Other kumu hula have also searched for new teaching paths during the pandemic. Some turned to teaching workshops outside Hawai‘i, exposing more people to their own artistry and expanding the base of hula dancers. Others began to teach online. Stillman notes that this has “made serious hula instruction accessible, removing geographical barriers, and showing kumu how much hunger there is for knowledge.”

The Hawaiian word for knowledge is ‘ike, and the word is the foundation for the Hawaiian proverb “Ma ka hana ka ‘ike” (“Through doing, one learns”).
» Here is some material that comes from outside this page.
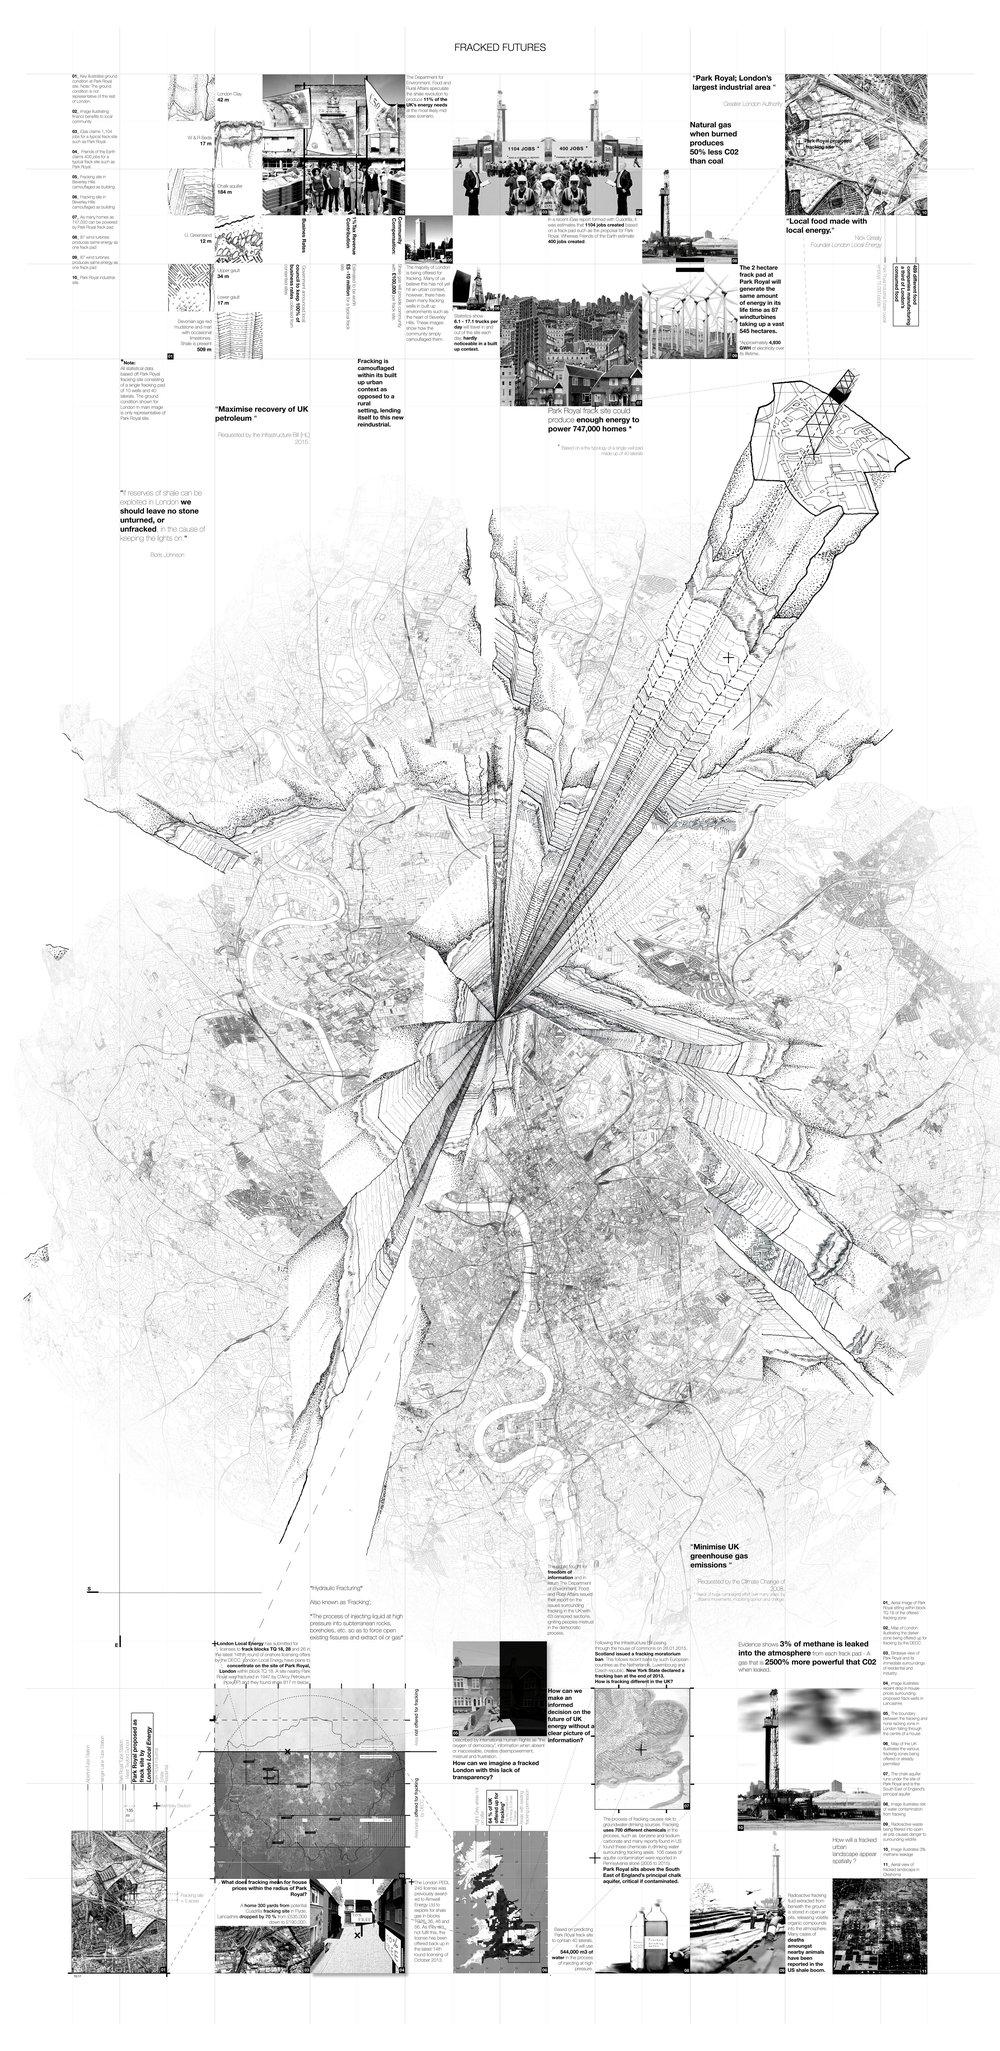 Drawn analysis of physical urban fracktures

And this may be the most exciting development in hula today: not the fancy footwork or the innovation in styles or the increasing sophistication of performances, but the idea that more and more and more people are engaged in the totality of the practice, in the quest for ancient wisdom.

Glossary

hula kahiko

“Old” or “ancient dance,” in which chanting is accompanied by sharkskin drum, double-gourd drum, or hollowed-out log beaten with sticks. Some hula kahiko honor gods and tell legends; others honor chiefs or praise places.

hula pahu

The pahu is the carved wood and sharkskin drum once considered especially sacred. This is the style of dance prevalent before Europeans came to Hawai‘i—primal, percussive, sexual, and powerful.

hula ku‘i

Ku‘i means “to join, stitch, splice, or unite,” and refers to the hula of the late 1800s, which stitched together the musical and dance vocabularies of old with new elements from indigenous and Western cultures. The dance became more secular and less rooted in Hawaiian spirituality.

hula ‘auana

Literally “wandering hula,” the graceful, sensuous, and playful hula that evolved after the monarchy years. Often praises aspects of a secular world: handsome ships, a queen’s diamond ring, the “famous fireman” of Honolulu, or a trysting spot for lovers in Waikīkī. 

hula mua

Mua means “forward,” and this termis used for Patrick Makuakāne’s new style, pairing Hawaiian traditions of storytelling-through-movement with non-Hawaiian music, from the “Flower Duet” by Léo Delibes, to “Bow Down Mister” by Boy George, to “I Left My Heart in San Francisco,” by Tony Bennett.

‘aiha‘a

The ‘aiha‘a is to hula what the plié is to ballet. It refers to hula’s low-to-the-ground stance, knees deeply bent.

kāholo

“Vamp” movement most people associate with hula, when the dancer moves side to side, following a 4/4 beat, letting the hips flow. There are eight basic hula steps, and many more advanced ones.